There were cross-currents of pleasure, too: smiling glances exchanged by her and Vin about the two younger children (she remembered suddenly, having been an eldest child, the unsurpassable sense of grandeur that such glances gave one); and by her and Clem, because they were both grown-ups; and by her and Judy, because they were both women; and by her and Toby, because they were both the kind that leaves the glass marble till the end. The room was laced with an invisible network of affectionate understanding.

This was one of the moments, thought Mrs.

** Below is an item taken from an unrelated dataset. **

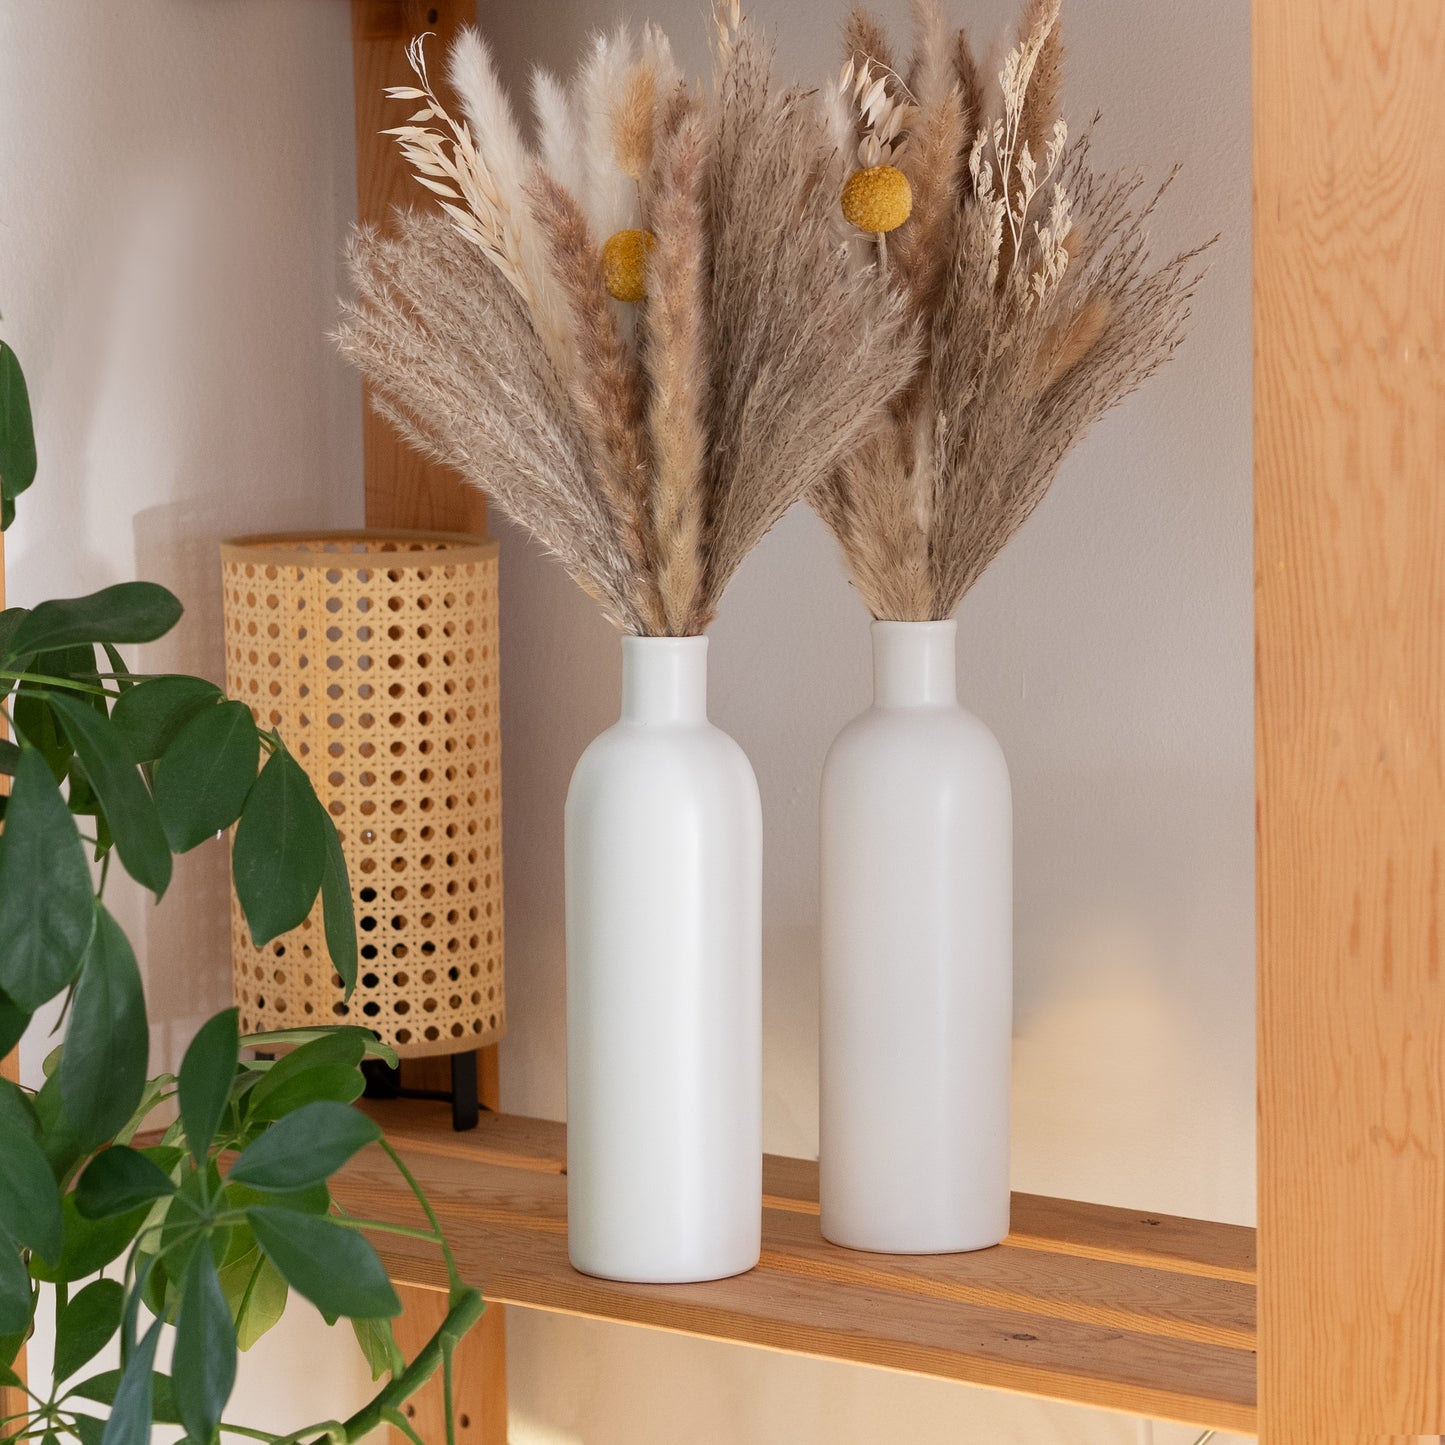 Soome Nattblom - Ceramic Vases Set + Dried Flowers

Miniver, which paid off at a single stroke all the accumulations on the debit side of parenthood: the morning sickness and the quite astonishing pain; the pram in the passage, the cold mulish glint in the cook's eye; the holiday nurse who had been in the best families; the pungent white mice, the shrivelled caterpillars; the plasticine on the door-handles, the face-flannels in the bathroom, the nameless horrors down the crevices of armchairs; the alarms and emergencies, the swallowed button, the inexplicable earache, the ominous rash appearing on the eve of a journey; the school bills and the dentists' bills; the shortened step, the tempered pace, the emotional compromises, the divided loyalties, the adventures continually forsworn.

And now Vin was eating his tangerine, pig by pig; Judy had undressed the nigger baby and was putting on its frock again back to front; Toby was turning the glass marble round and round against the light, trying to count the squirls. There were sounds of movement in the house; they were within measurable distance of the blessed chink of early morning tea. Mrs. Miniver looked towards the window. The dark sky had already paled a little in its frame of cherry-pink chintz. Eternity framed in domesticity. Never mind. One had to frame it in something, to see it at all.